■ 赵春国
家在远方,每次休假如果没有特殊情况,大部分时间我都会选择火车,任凭它跋山涉水,载着我穿越大半个中国,在祖国边陲与内陆平原间驰骋往返。
现在不少人更倾向于选择乘飞机,原因很简单,快捷、方便、舒适。相比而言,火车太慢,太拥挤,太容易令人疲倦。但我喜欢火车,经济因素固然是一方面,更重要的,那列长长的火车后面,是一个更回味悠长更多姿多彩的梦境。
小时候,我和母亲在四川南充的大山深处,而父亲远在千里之外,几乎每年春节,他都坐一天一夜的火车回家探亲。我第一次坐火车,是30多年前随父母举家北迁。在成都火车站,一列列长长的墨绿色庞然大物呼啸着飞驰而过,充满了神秘气息的列车,那车轮撞击铁轨的“哐当”声,还有长鸣的汽笛,伸向不可知远方的铁轨,都给我一种难以形容的激动,一种无法克制的向往。

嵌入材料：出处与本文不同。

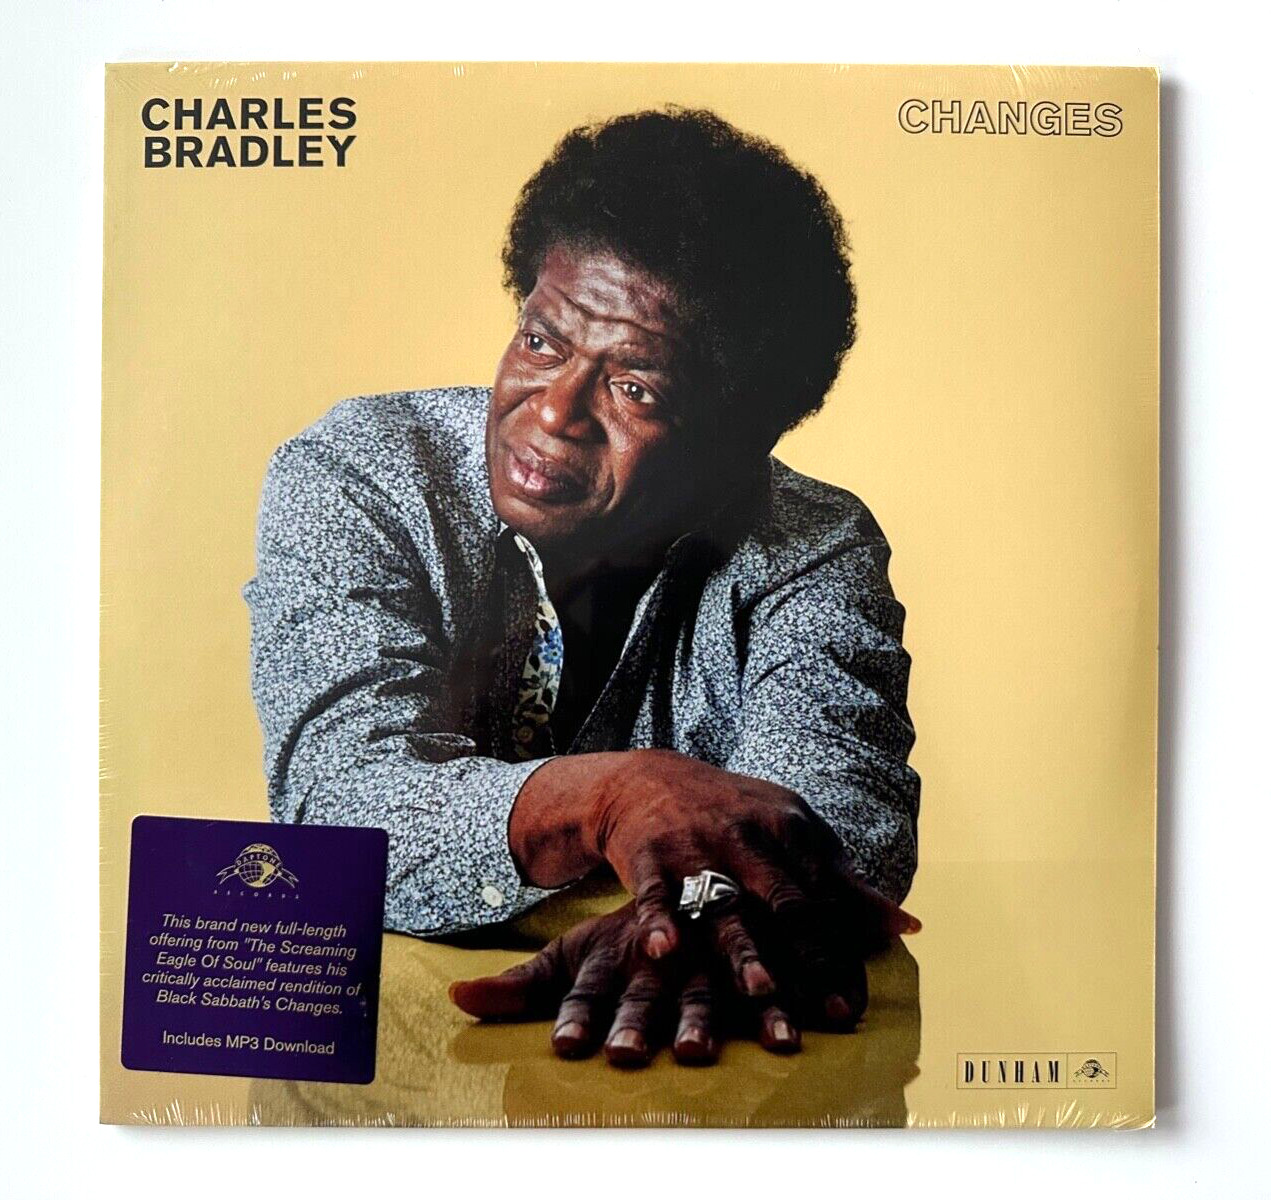 CHARLES BRADLEY - CHANGES - VINYL LP (w/ MP3 DOWNLOAD) OG PRESSING - DAP-041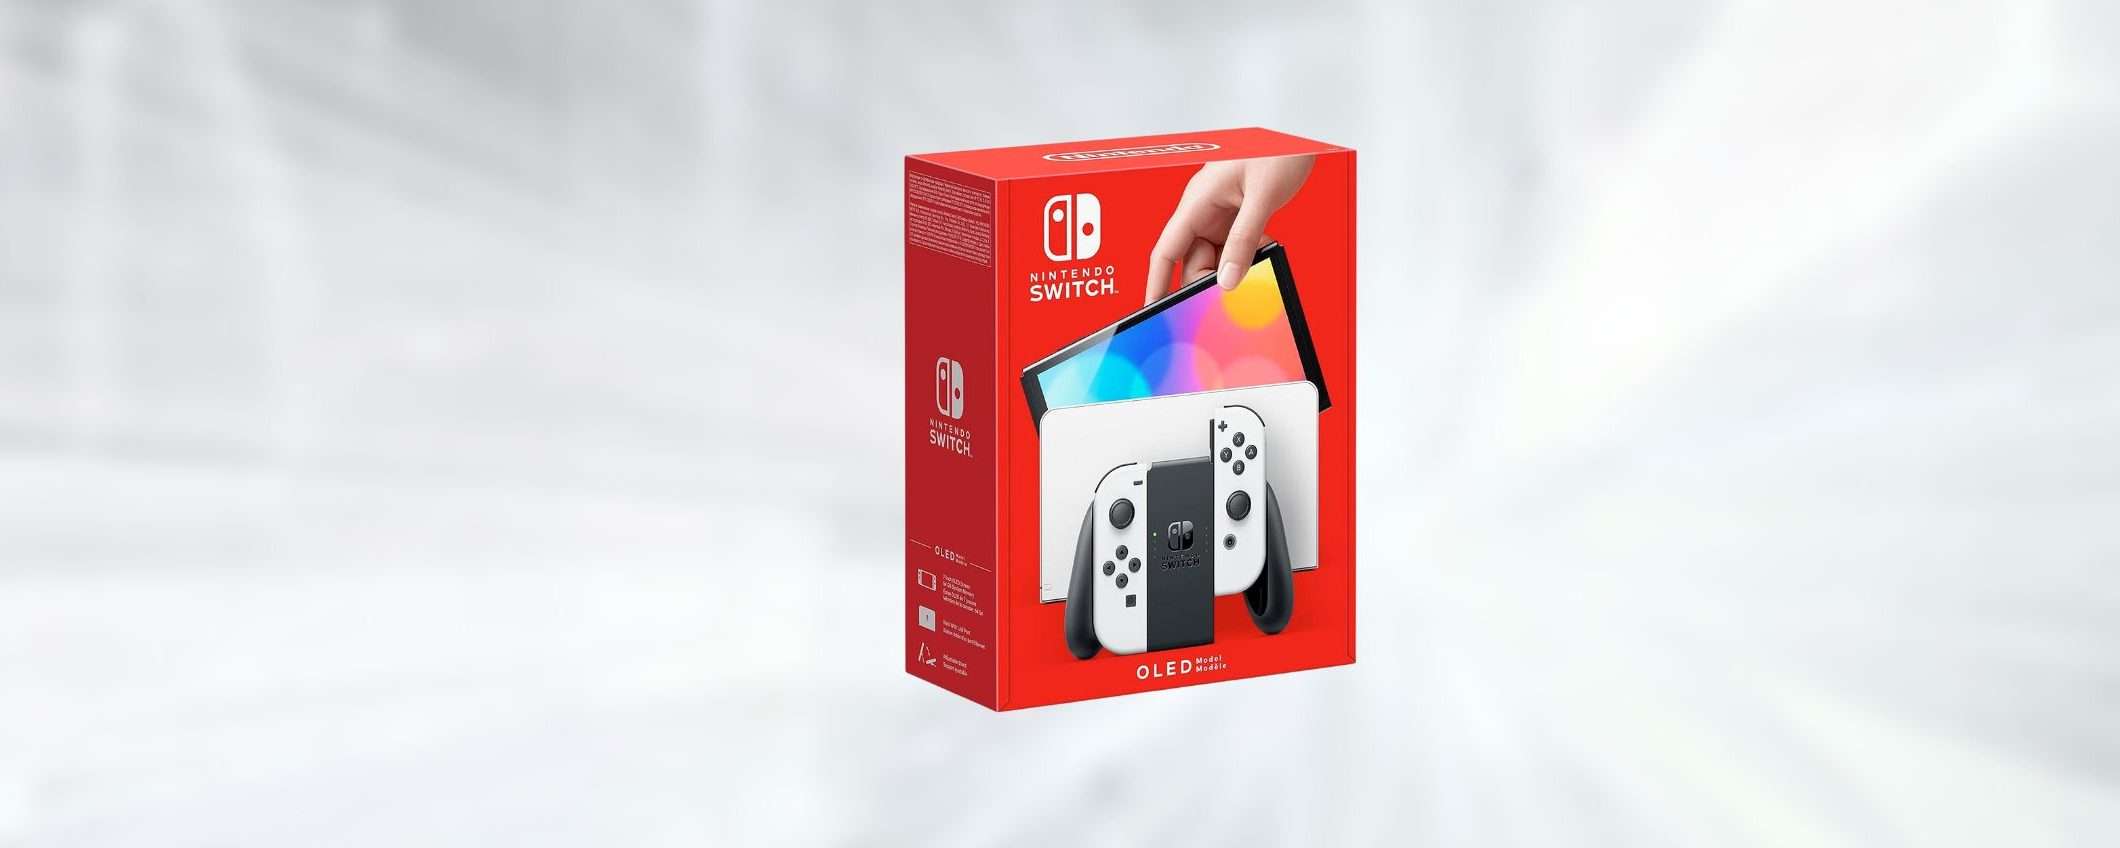 Nintendo Switch OLED a prezzo shock con il NUOVO COUPON eBay

长大后因为工作原因我坐过很多次火车,可对火车的依恋程度却从未减弱。候车厅里熙熙攘攘、形形色色的人流自不必说,列车上也是另一个奇妙的世界,身穿铁路制服的男乘务员,低头看书的女大学生,滔滔不绝的生意人,举止谨慎的打工者,这些人都带给我无限的好奇和遐想。他们,或者她们,从哪里来?到哪里去?有着怎样的人生故事和丰富多彩的经历?列车,究竟承载着他(她)们怎样的憧憬,又带给他(她)们怎样的希望?疾驶的车窗外,高山、峡谷、田野、森林,一闪而逝,仿佛记忆深处的某些特殊场景,你总会在某个时辰惊讶于它们无比熟悉似曾相识,让你联想起生命中的美丽和精彩。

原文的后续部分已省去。